*Required action*:
Locate the line that contains "Buy moncler jacket online" in the entries below, then repeat it and every following line through the line that contains "Biblical scene - birth", exactly, and no others.

*Input*:
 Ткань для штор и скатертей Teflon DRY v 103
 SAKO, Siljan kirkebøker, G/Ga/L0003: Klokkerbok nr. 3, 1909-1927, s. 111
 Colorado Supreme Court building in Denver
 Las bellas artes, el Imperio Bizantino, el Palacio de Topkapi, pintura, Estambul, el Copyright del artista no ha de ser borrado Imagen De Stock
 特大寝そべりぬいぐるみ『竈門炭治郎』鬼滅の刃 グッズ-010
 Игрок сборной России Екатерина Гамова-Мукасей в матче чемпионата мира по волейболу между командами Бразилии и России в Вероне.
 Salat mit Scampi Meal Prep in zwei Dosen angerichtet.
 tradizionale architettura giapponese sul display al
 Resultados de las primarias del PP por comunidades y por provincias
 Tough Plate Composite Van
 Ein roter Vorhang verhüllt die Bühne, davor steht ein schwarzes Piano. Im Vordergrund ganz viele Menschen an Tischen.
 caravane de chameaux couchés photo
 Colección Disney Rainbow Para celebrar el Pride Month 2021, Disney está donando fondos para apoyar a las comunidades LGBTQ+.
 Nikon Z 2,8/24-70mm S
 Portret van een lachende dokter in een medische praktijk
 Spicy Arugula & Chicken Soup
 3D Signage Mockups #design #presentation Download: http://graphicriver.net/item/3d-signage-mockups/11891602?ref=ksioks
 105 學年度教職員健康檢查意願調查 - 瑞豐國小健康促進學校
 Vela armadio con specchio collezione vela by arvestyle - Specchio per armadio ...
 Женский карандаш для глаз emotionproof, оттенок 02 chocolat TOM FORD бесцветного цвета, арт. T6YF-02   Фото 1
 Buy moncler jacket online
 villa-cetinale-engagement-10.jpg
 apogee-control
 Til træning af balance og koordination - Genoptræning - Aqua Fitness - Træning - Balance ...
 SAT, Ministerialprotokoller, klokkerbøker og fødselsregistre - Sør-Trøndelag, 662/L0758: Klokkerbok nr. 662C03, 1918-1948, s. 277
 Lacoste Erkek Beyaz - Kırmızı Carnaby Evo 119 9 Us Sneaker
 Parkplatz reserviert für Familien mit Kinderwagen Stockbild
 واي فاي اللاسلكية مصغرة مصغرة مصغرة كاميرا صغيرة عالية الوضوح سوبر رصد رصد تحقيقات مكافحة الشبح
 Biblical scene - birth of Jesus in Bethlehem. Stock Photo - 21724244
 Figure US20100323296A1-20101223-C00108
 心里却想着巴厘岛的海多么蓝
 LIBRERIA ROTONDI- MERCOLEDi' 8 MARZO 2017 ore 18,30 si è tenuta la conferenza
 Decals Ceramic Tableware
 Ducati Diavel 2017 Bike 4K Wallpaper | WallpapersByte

*The completed task*:
 Buy moncler jacket online
 villa-cetinale-engagement-10.jpg
 apogee-control
 Til træning af balance og koordination - Genoptræning - Aqua Fitness - Træning - Balance ...
 SAT, Ministerialprotokoller, klokkerbøker og fødselsregistre - Sør-Trøndelag, 662/L0758: Klokkerbok nr. 662C03, 1918-1948, s. 277
 Lacoste Erkek Beyaz - Kırmızı Carnaby Evo 119 9 Us Sneaker
 Parkplatz reserviert für Familien mit Kinderwagen Stockbild
 واي فاي اللاسلكية مصغرة مصغرة مصغرة كاميرا صغيرة عالية الوضوح سوبر رصد رصد تحقيقات مكافحة الشبح
 Biblical scene - birth of Jesus in Bethlehem. Stock Photo - 21724244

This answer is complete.